Port Elizabeth industrial rentals gaining ground
05-04-2004
Underdog Port Elizabeth is fast catching up with the industrial rentals of other cities. Since 1999, the city's industrial rentals have grown relatively faster than those of the other main industrial conurbations.
Rode’s Report editor Dirk De Vynck says this improved performance comes on the back of a strong demand for industrial space by especially the automotive and related industries, and to a lesser extent from business related to the Coega development.
According to Graham Boyd from Majola Boyd, the increased demand for space from the automotive industry has come especially from companies whose business is centred on catalytic converters.
The increased demand for space has already led to PE’s industrial vacancies dropping from around 13% at the beginning of 2001 to the current ±7,5%.
Although this decline in vacancies is for all unit sizes combined, there has been a greater demand for larger units than for smaller units and hence one can assume that larger units will have a relative lower vacancy. This is so as larger units are hardly ever built on spec, as opposed to smaller units, resulting in a greater shortage of the former when demand picks up.

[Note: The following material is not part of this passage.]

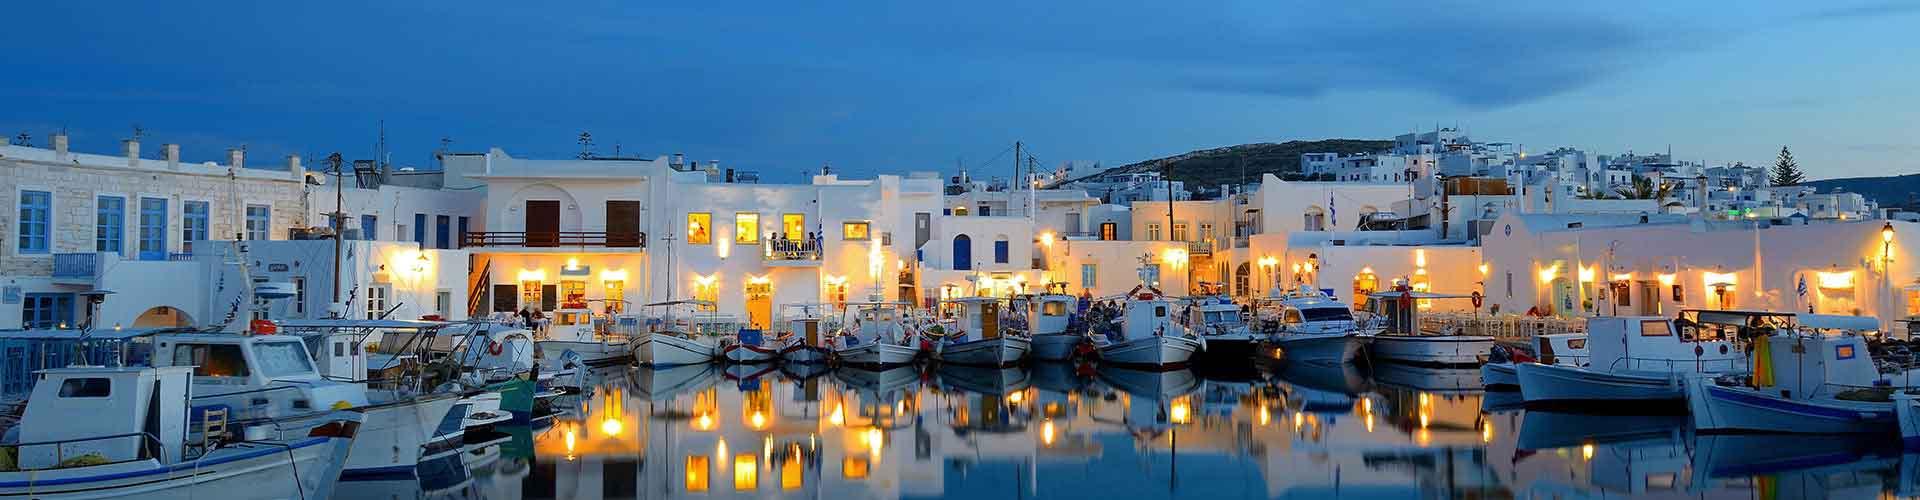 Paros - Appartments à Paros. Cartes pour Paros, photos et commentaires pour chaque appartement à Paros.
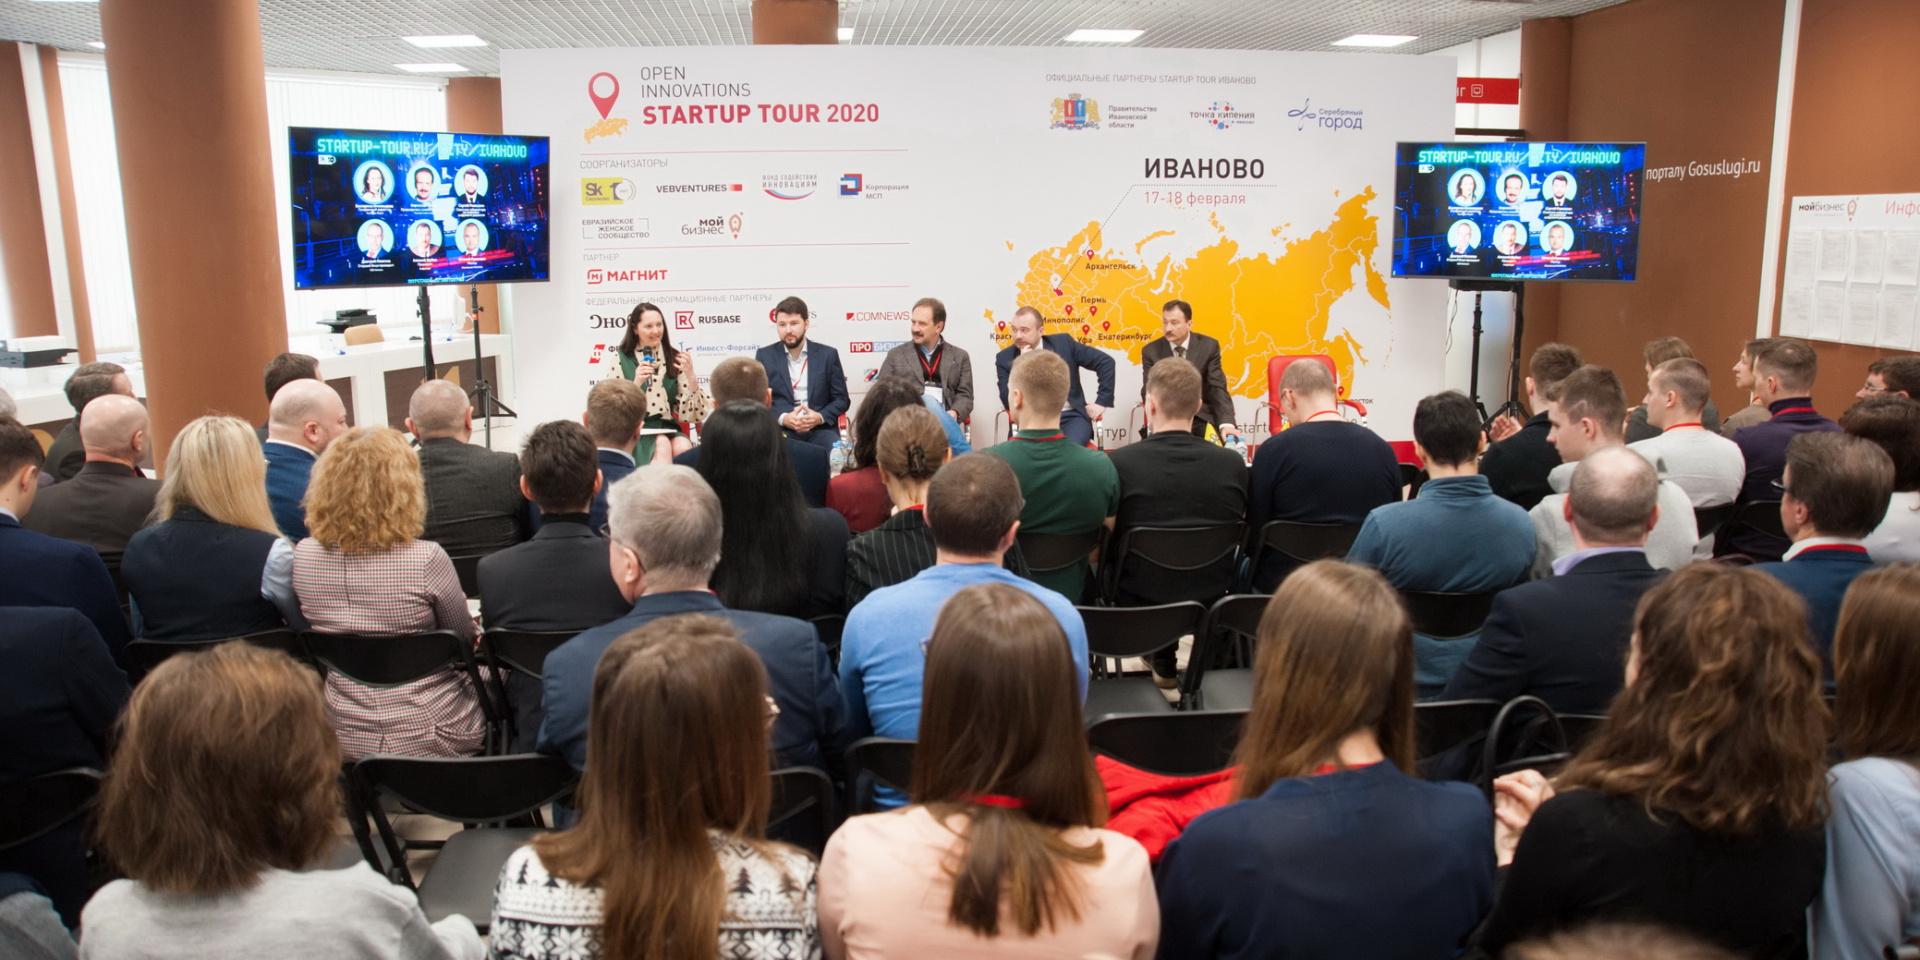 Стартап из Ивановской области вышел в полуфинал конкурса «Startup Tour»

The increase in the demand for industrial space can also partly be responsible for the decline (strengthening) in PE’s industrial capitalization rates noted in the last quarter of 2003.
Capitalization rates — the non-listed property sector’s equivalent of the forward earnings yield of shares — decline when prices rise, holding constant market rentals.
However, the increased demand for industrial space has not yet translated into a spate of industrial-building construction. The reason for this is that, despite their increase, industrial rentals are still too low to warrant new industrial developments.
Countrywide, real rentals have been trending downwards since the early 1980s, which is a clear reflection of a contracting demand for industrial space. This was, and is, fuelled by the lack of performance in the manufacturing industry, where the demand for manufactured goods is an important proxy for the demand for industrial space.
Still, the general consensus is that the rand will weaken again, which should underpin domestic exports and hence local manufacturing. At the same time, a recent study by Unisa’s Bureau for Market Research shows that manufacturing could in future increasingly move towards the country's coastal cities because of a greater export focus by SA industry.
“This will further drive up the demand for industrial space in cities like Port Elizabeth, which, together with the expected impetus from Coega, may in a few years lead to rental levels catching up to those of Cape Town, Central Witwatersrand and Durban,” says De Vynck.